* TASK OBJECTIVE *
From the first line of the listing to the last, set down everything exactly, but skip the images.

* SUPPLIED INFORMATION *
——————————

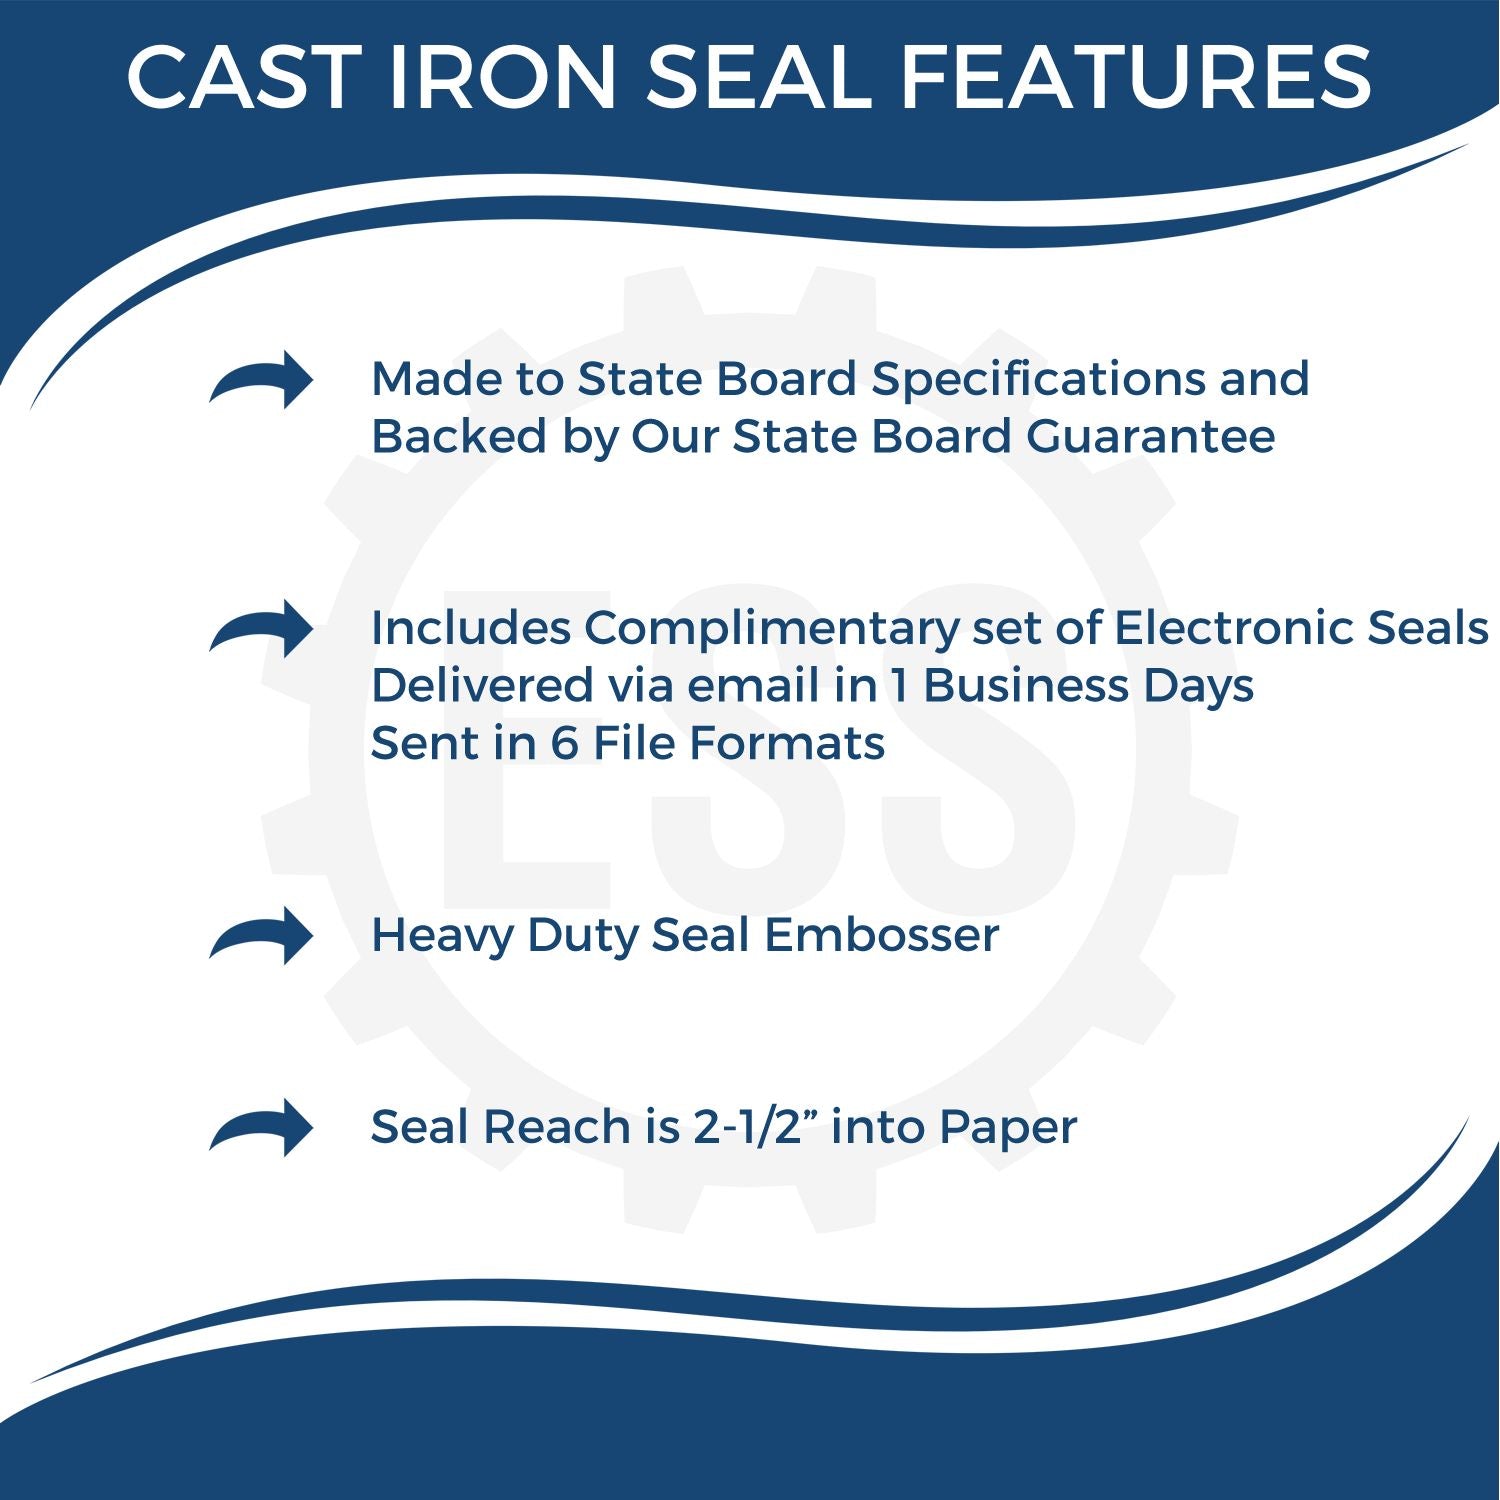 The main image for the Heavy Duty Cast Iron Kentucky Engineer Seal Embosser depicting a sample of the imprint and electronic files
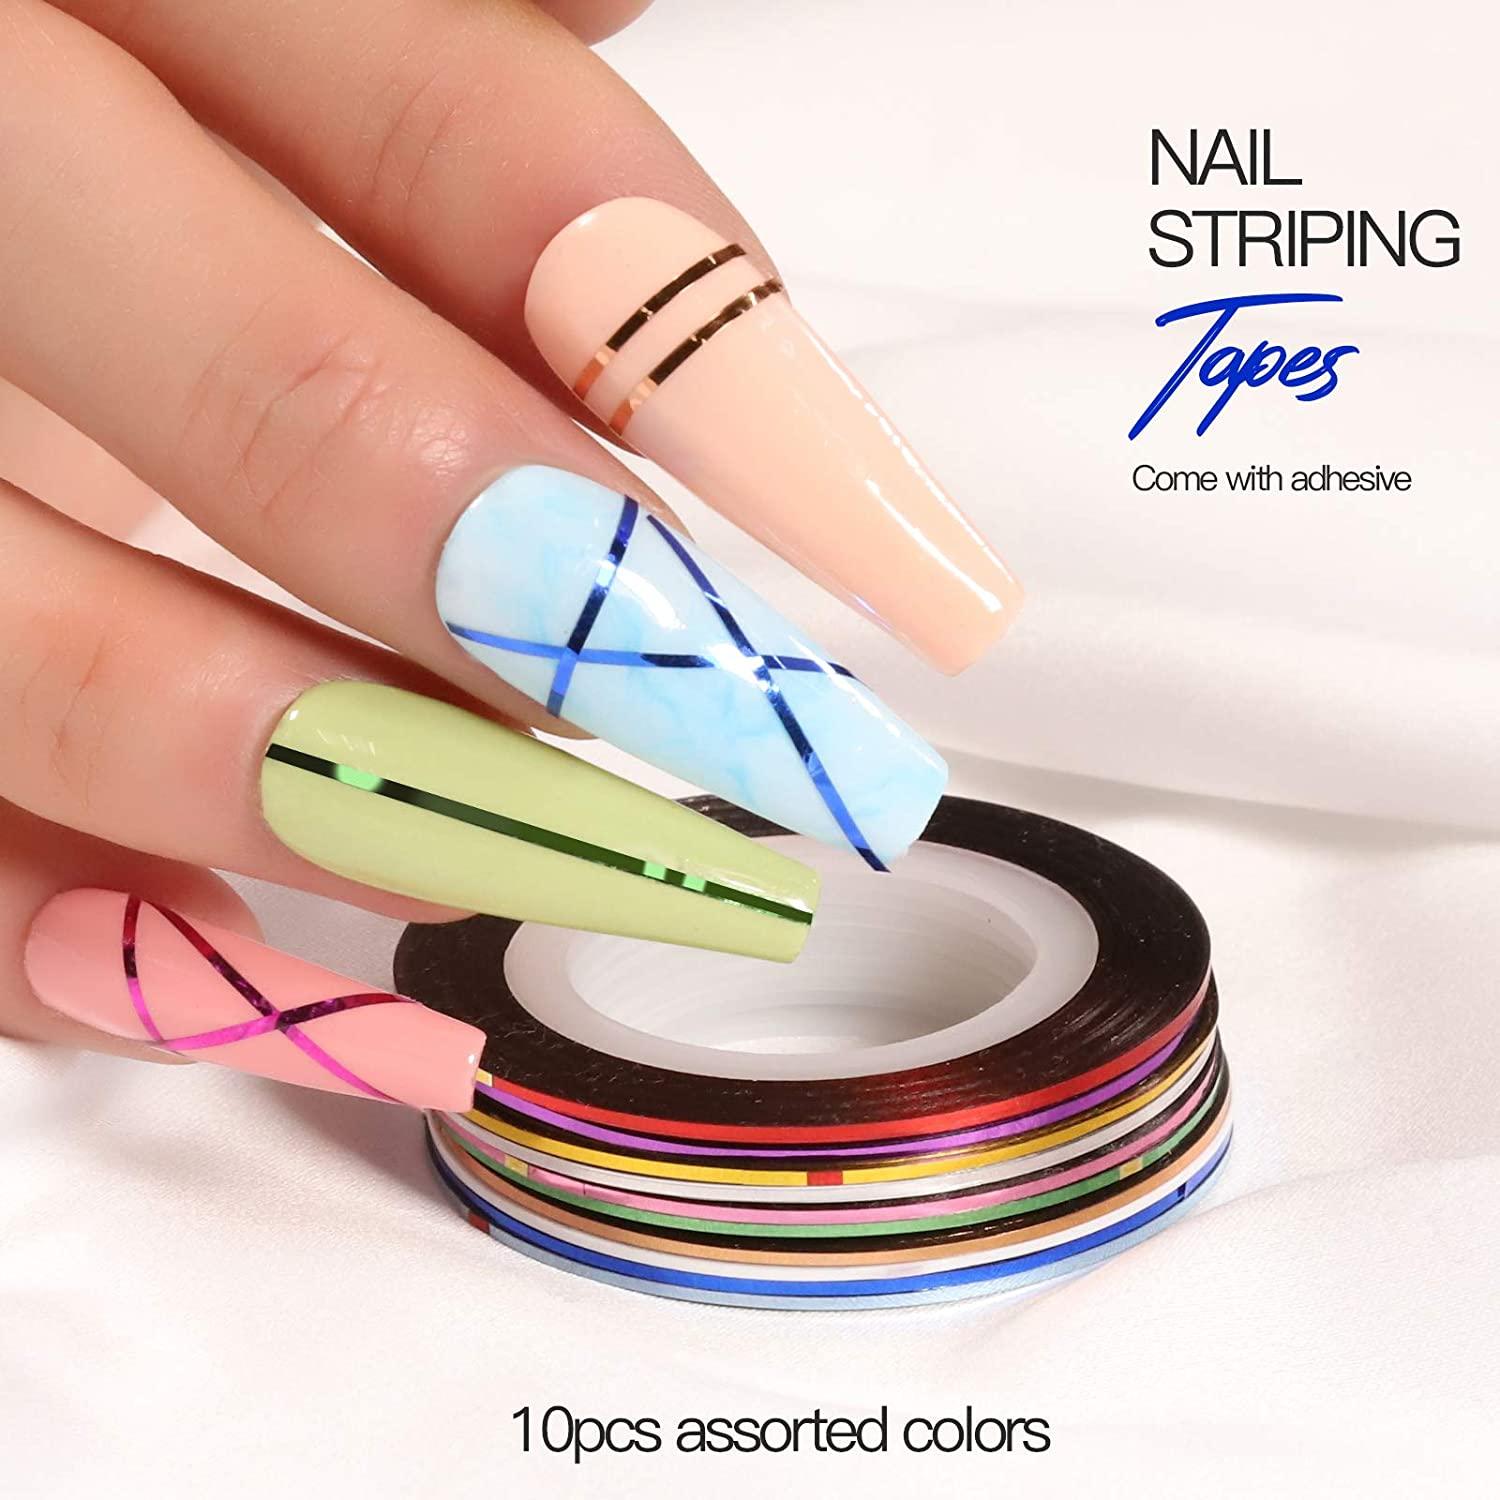 Nail Design Kit for Acrylic Nails Decoration with Nail Art Brushes
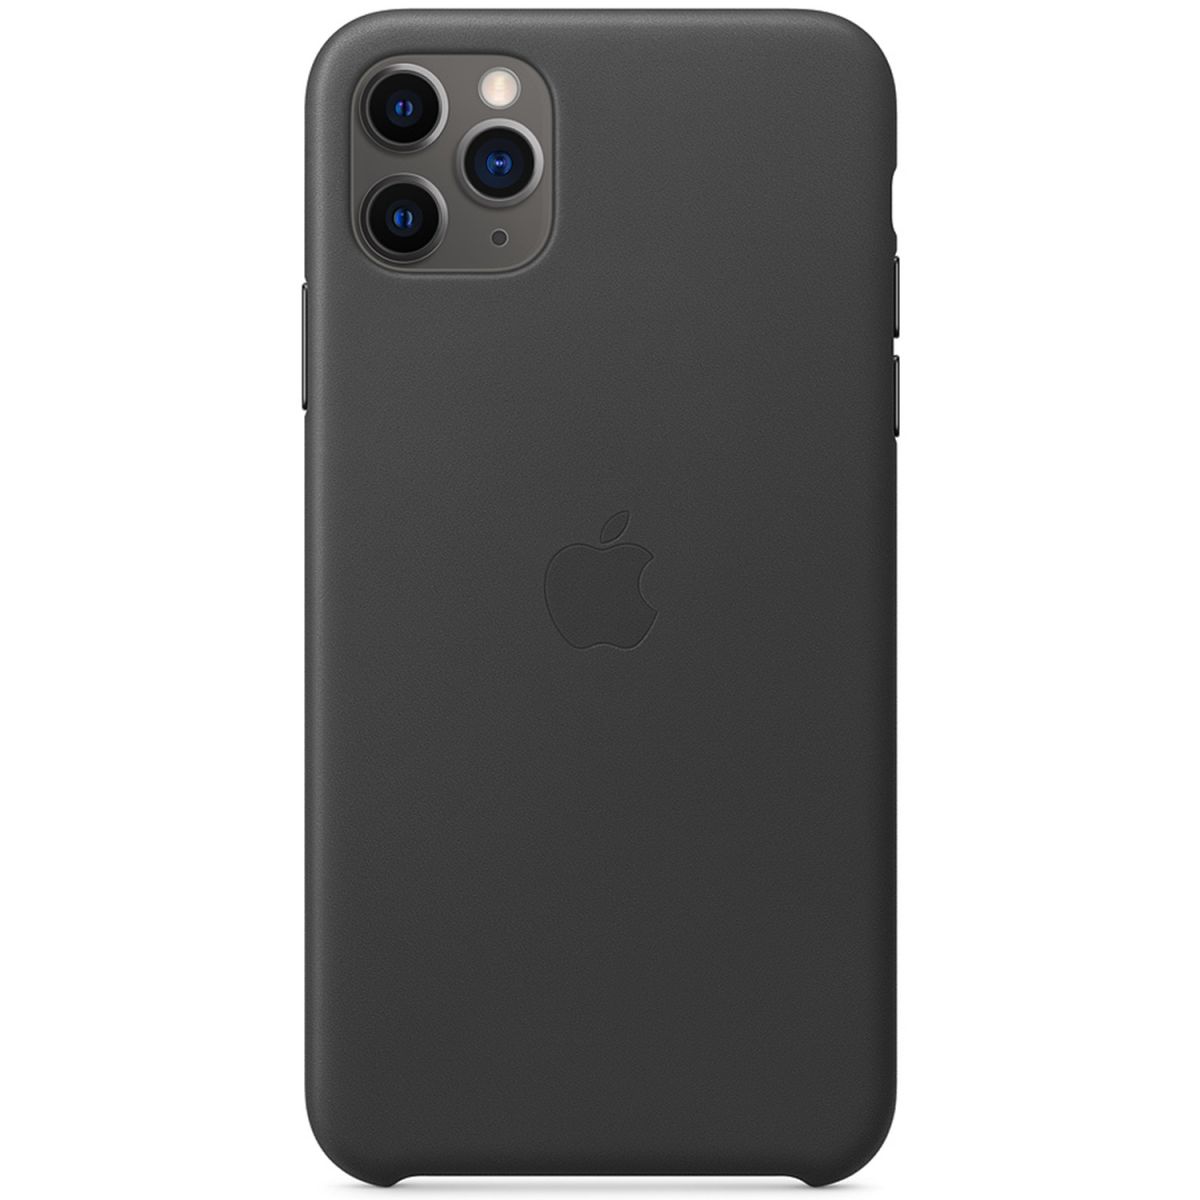 Apple Leather Backcover for iPhone 11 Pro - Black
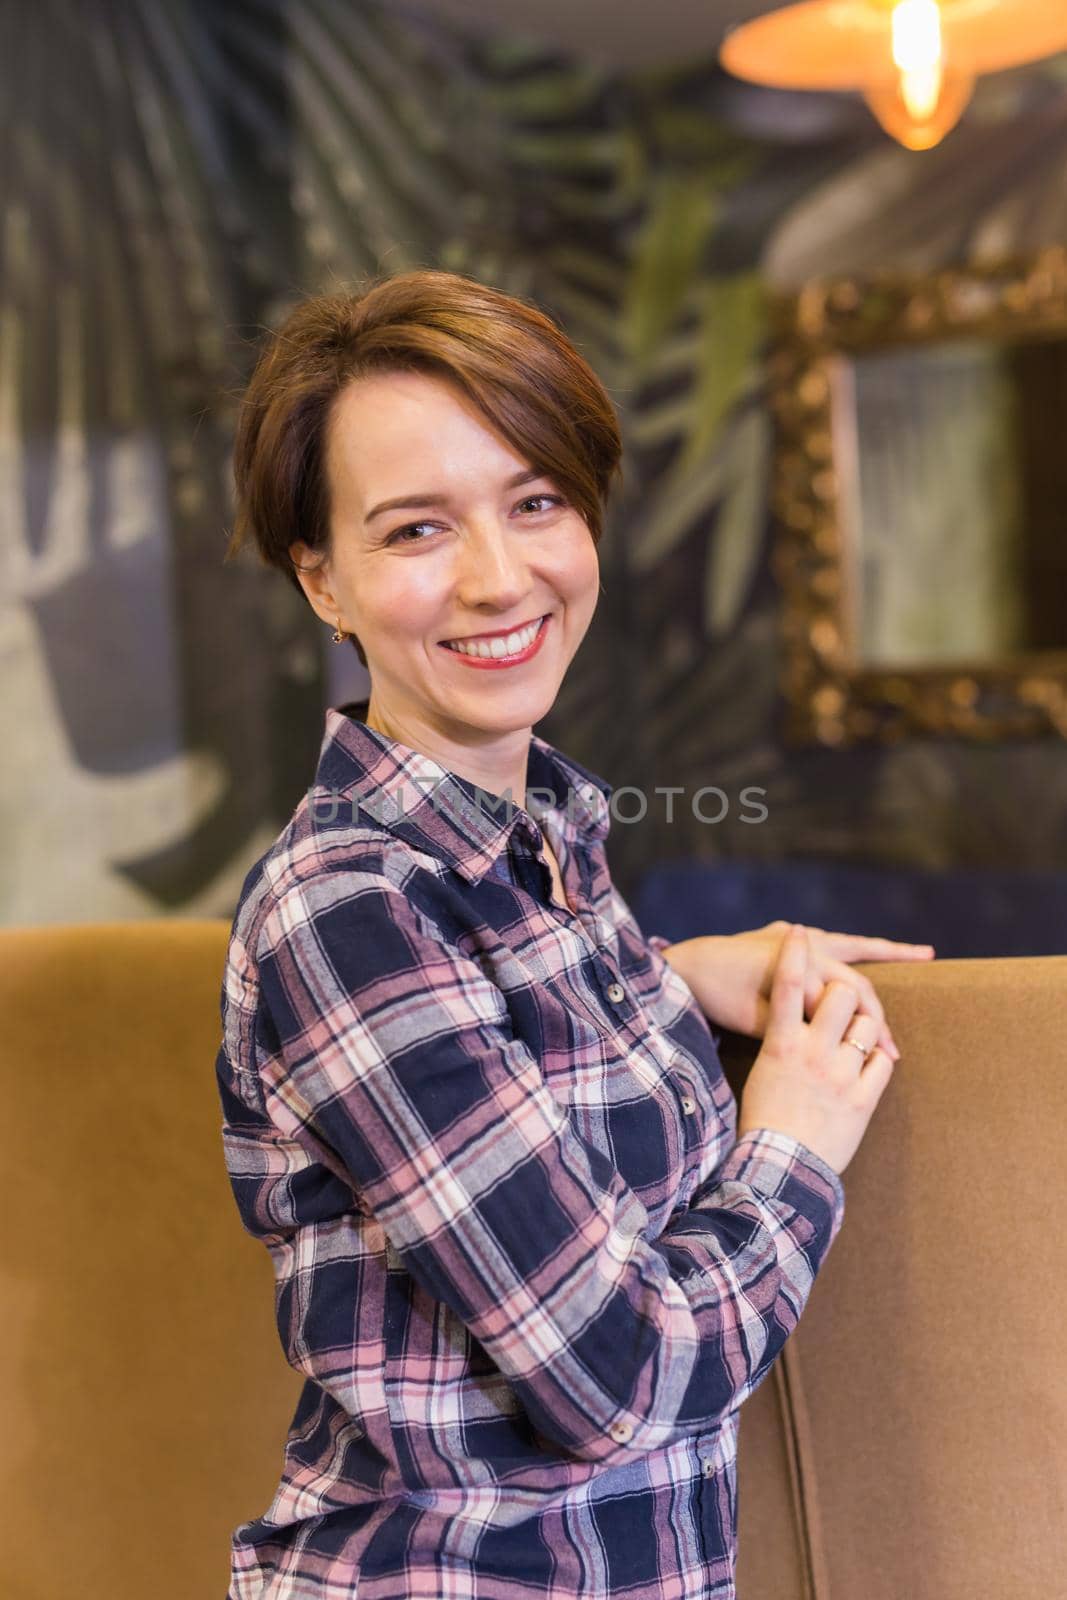 Portrait of confident woman smiling in cafe.

——————————

* EXERCISE OUTPUT *
 The main image for the Heavy Duty Cast Iron Kentucky Engineer Seal Embosser depicting a sample of the imprint and electronic files
 Nail Design Kit for Acrylic Nails Decoration with Nail Art Brushes
 Apple Leather Backcover for iPhone 11 Pro - Black
 Portrait of confident woman smiling in cafe.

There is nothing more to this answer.